**PROBLEM:**
Would you return the data exactly as given, except for its pictures?

(SOURCE DATA)

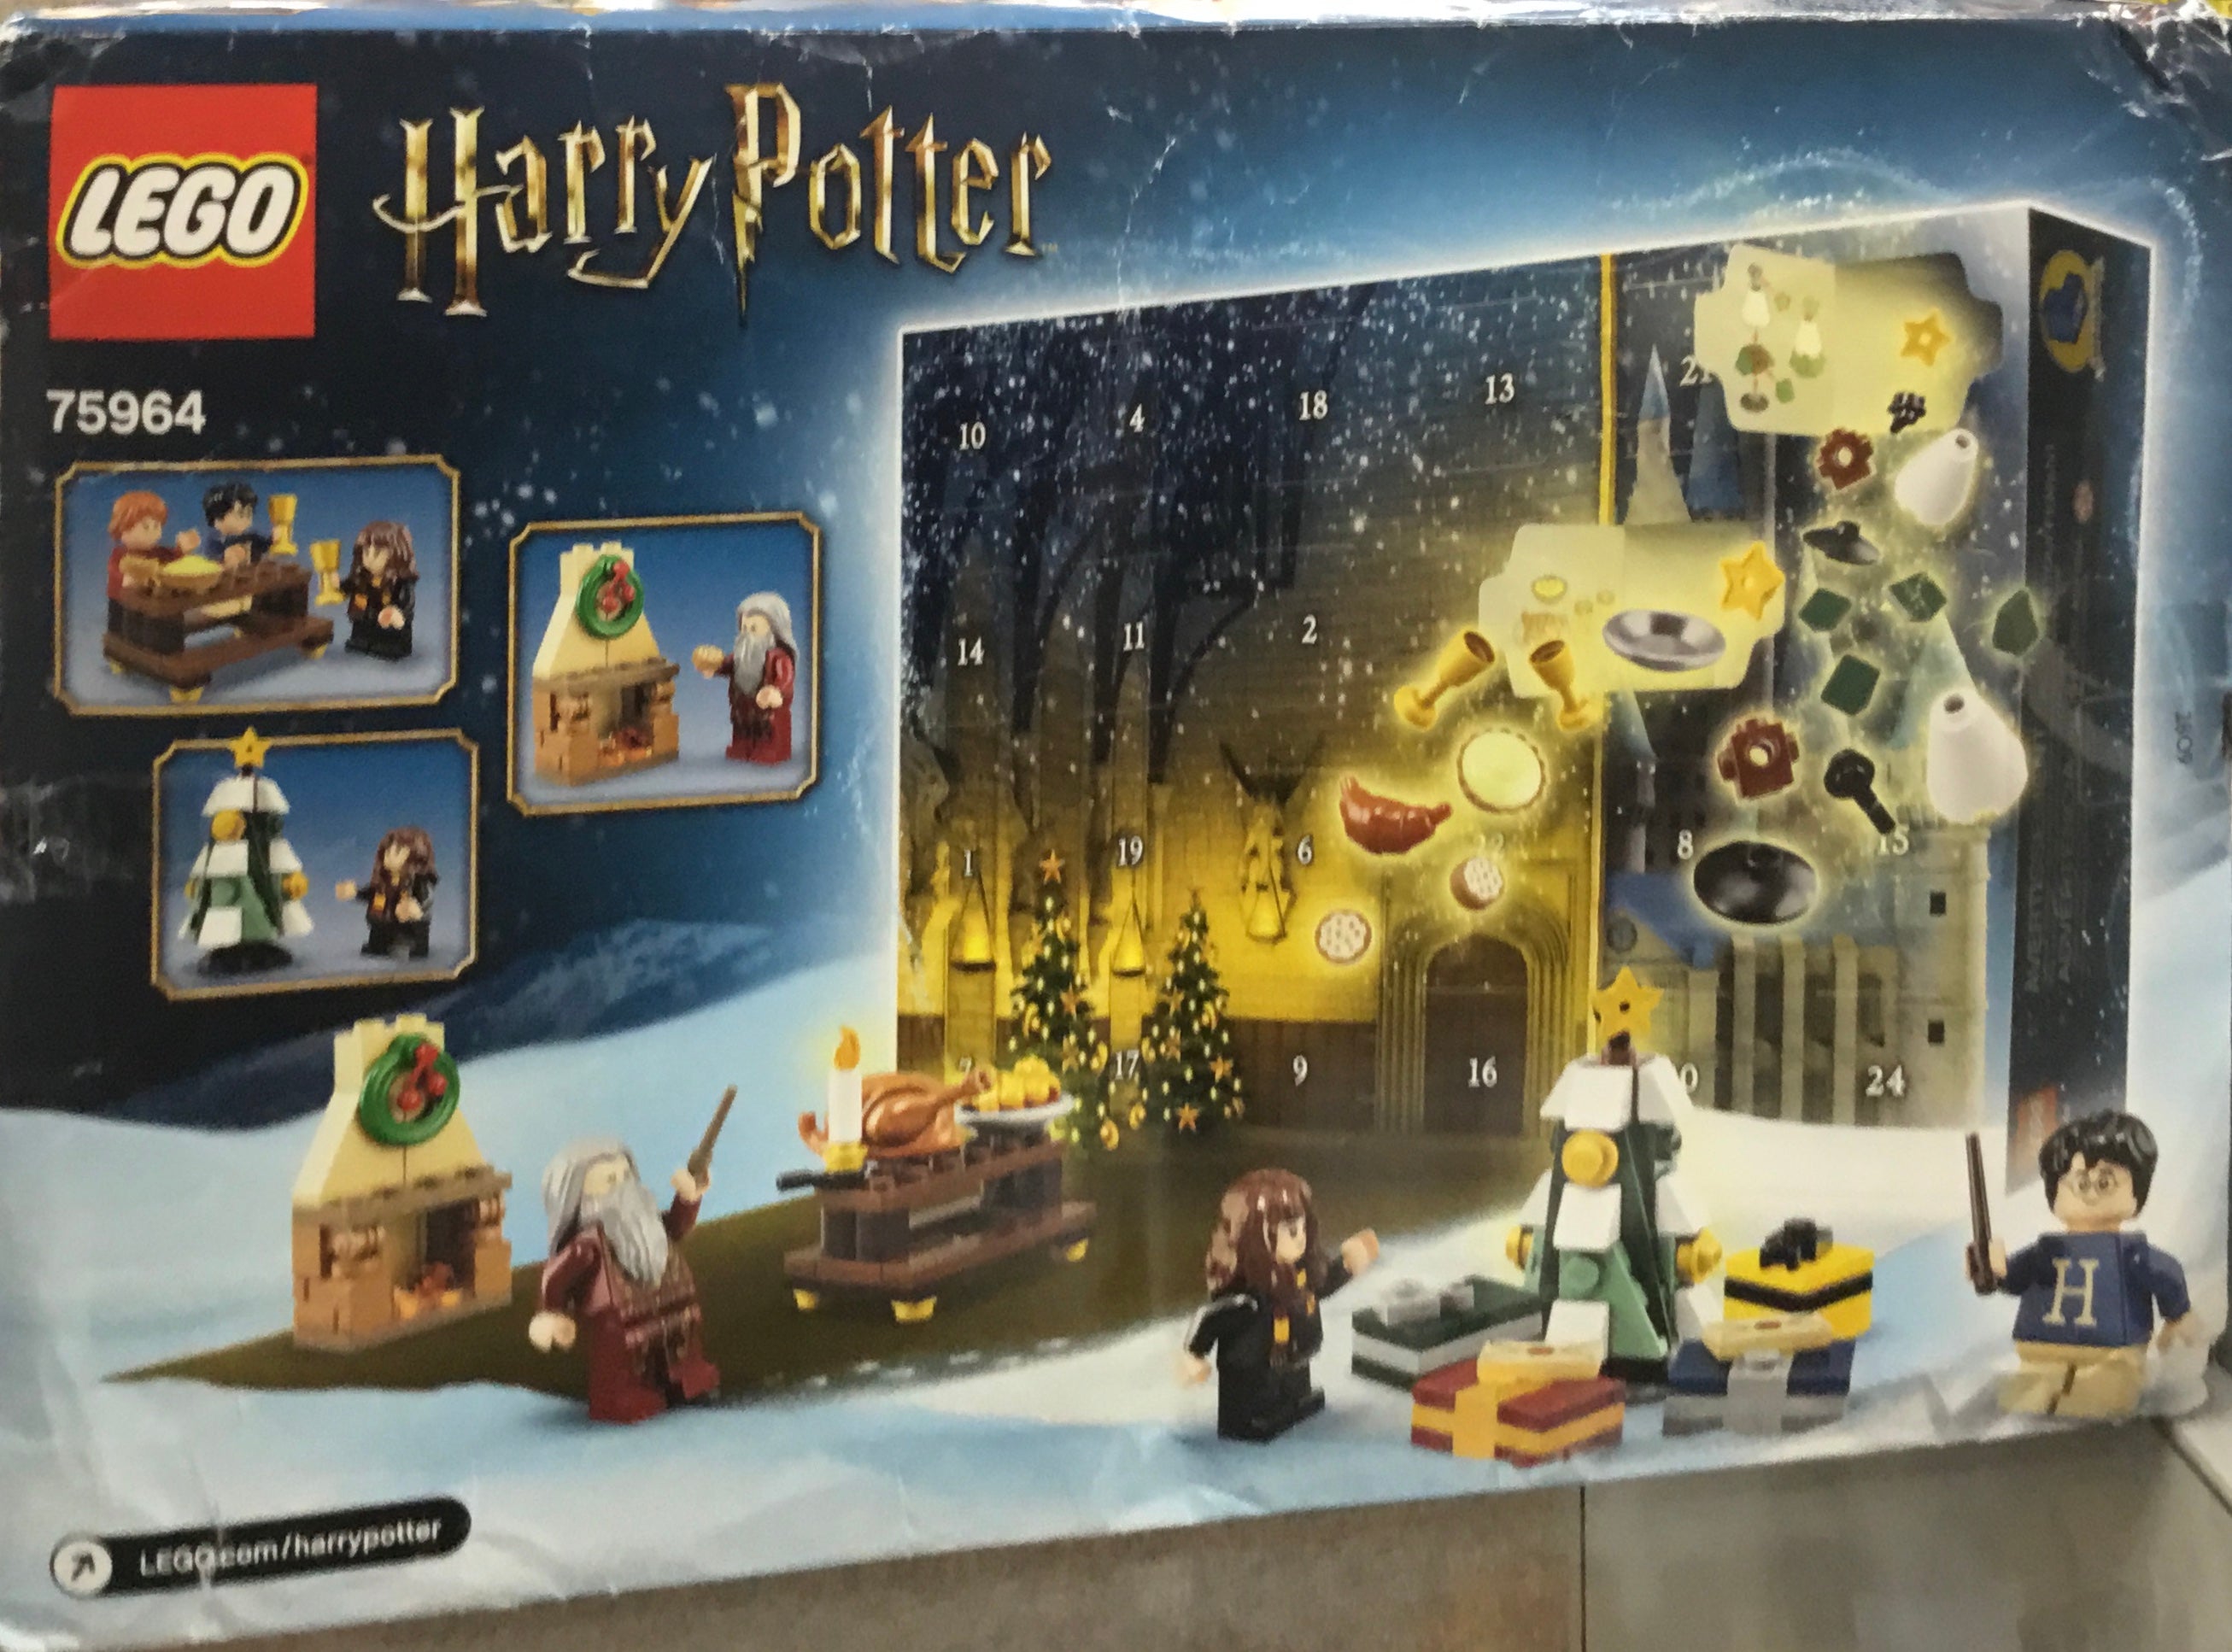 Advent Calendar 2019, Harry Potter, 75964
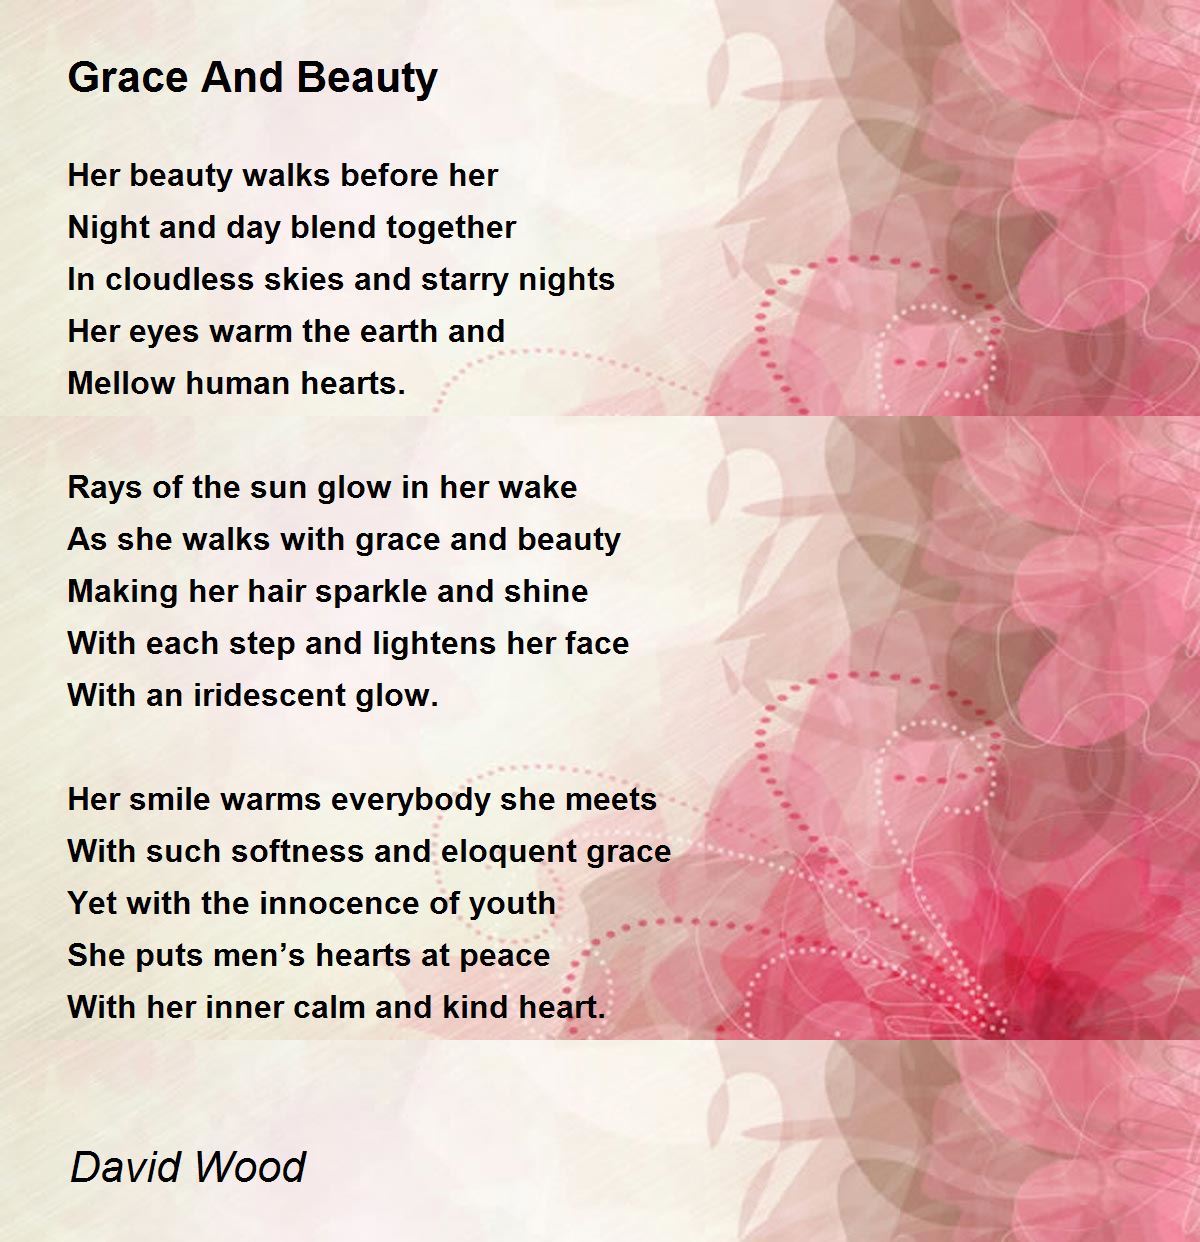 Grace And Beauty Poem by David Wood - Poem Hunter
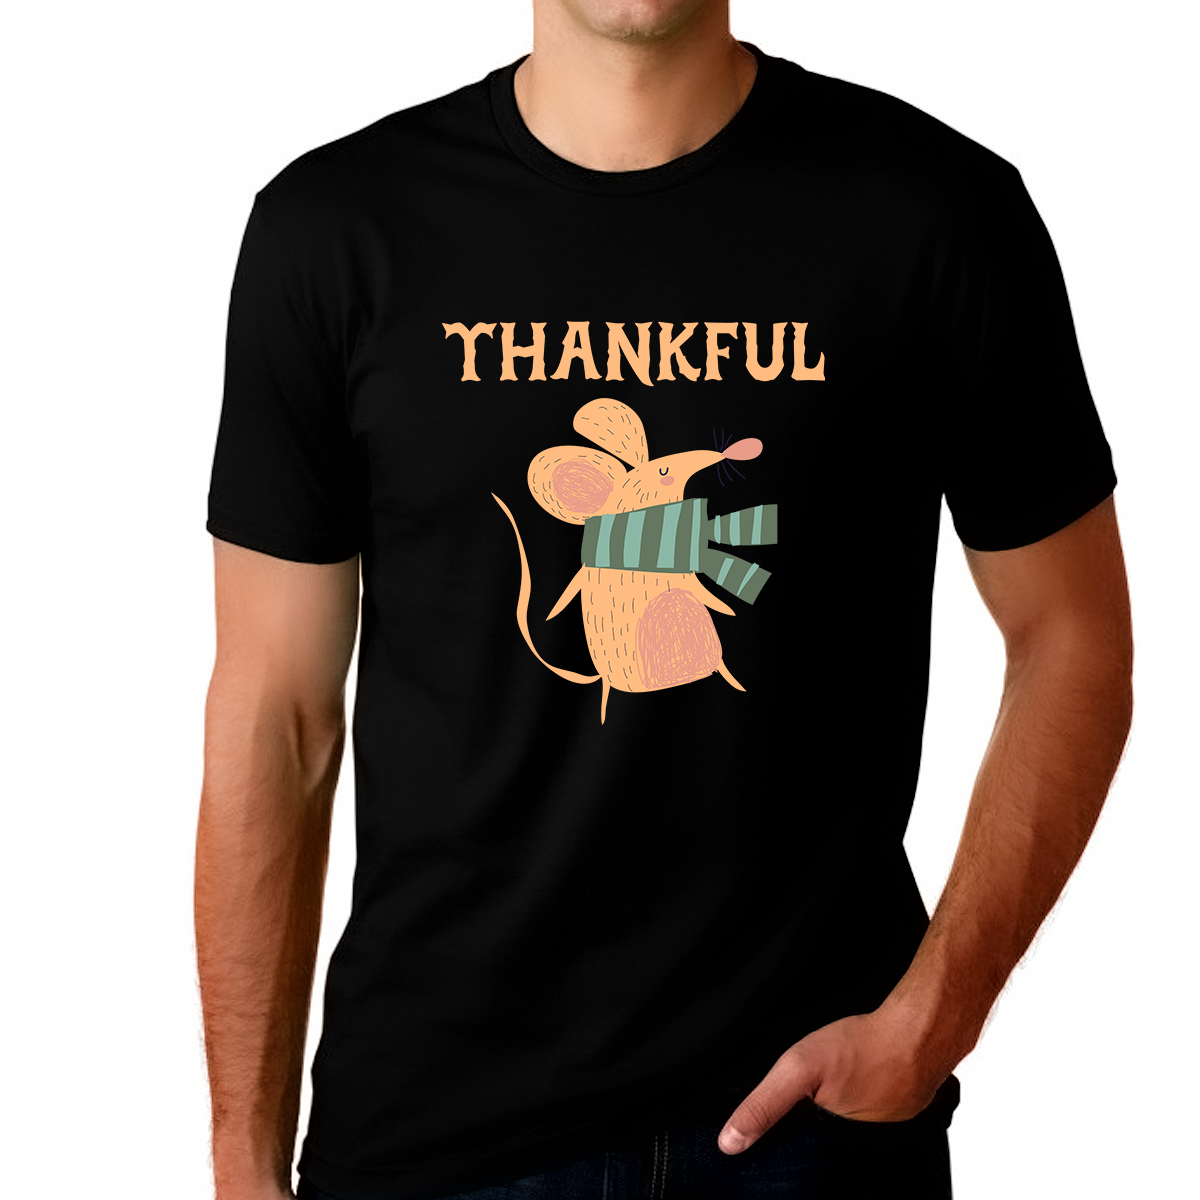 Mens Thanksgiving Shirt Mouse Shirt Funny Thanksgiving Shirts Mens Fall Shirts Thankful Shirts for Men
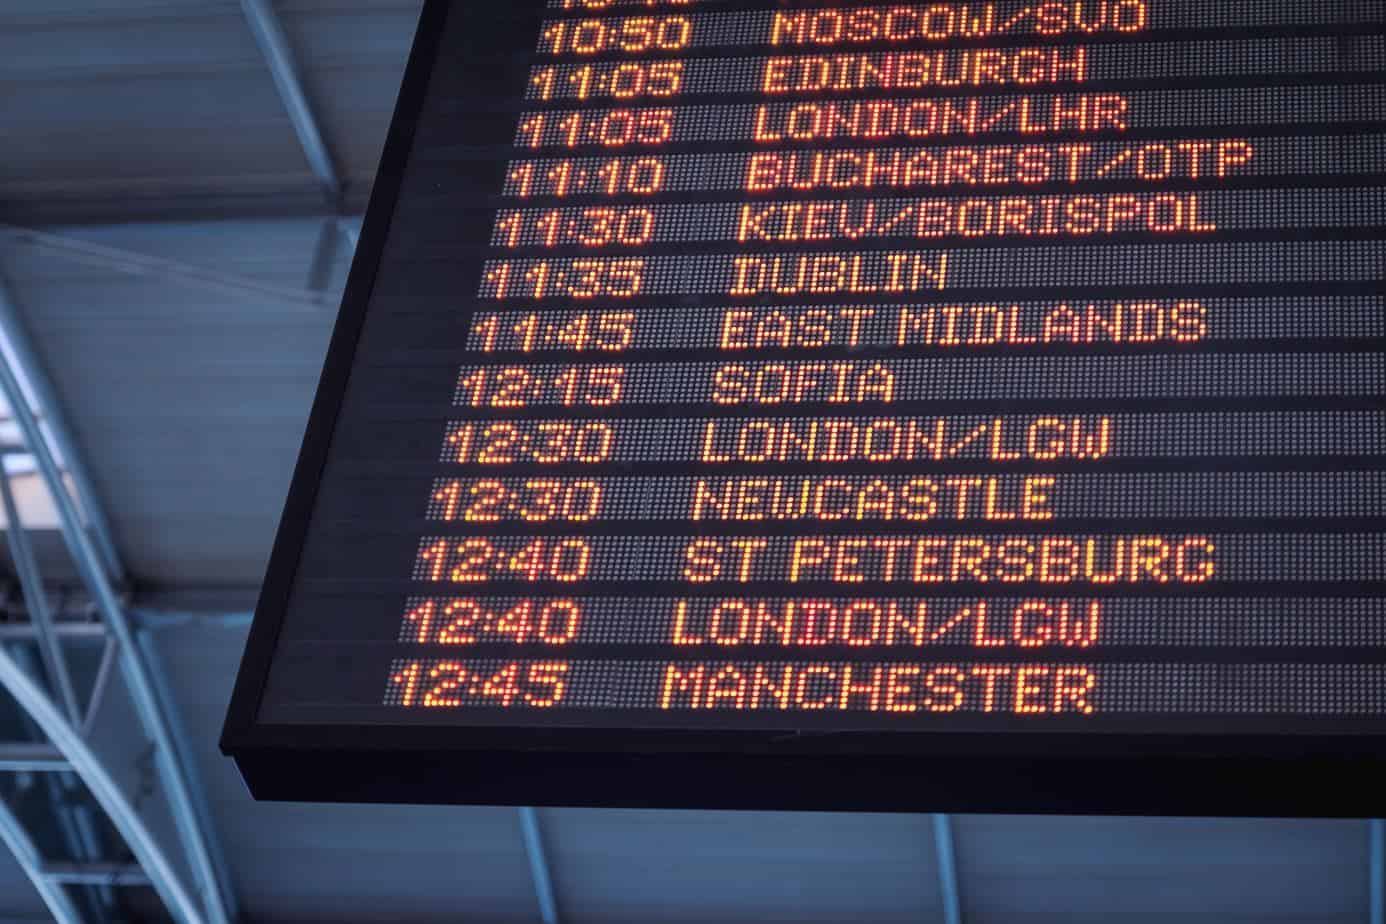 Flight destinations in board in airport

(End SOURCE DATA)

**EXERCISE RESPONSE:**
 Advent Calendar 2019, Harry Potter, 75964
 Grace And Beauty Poem by David Wood - Poem Hunter
 Mens Thanksgiving Shirt Mouse Shirt Funny Thanksgiving Shirts Mens Fall Shirts Thankful Shirts for Men
 Flight destinations in board in airport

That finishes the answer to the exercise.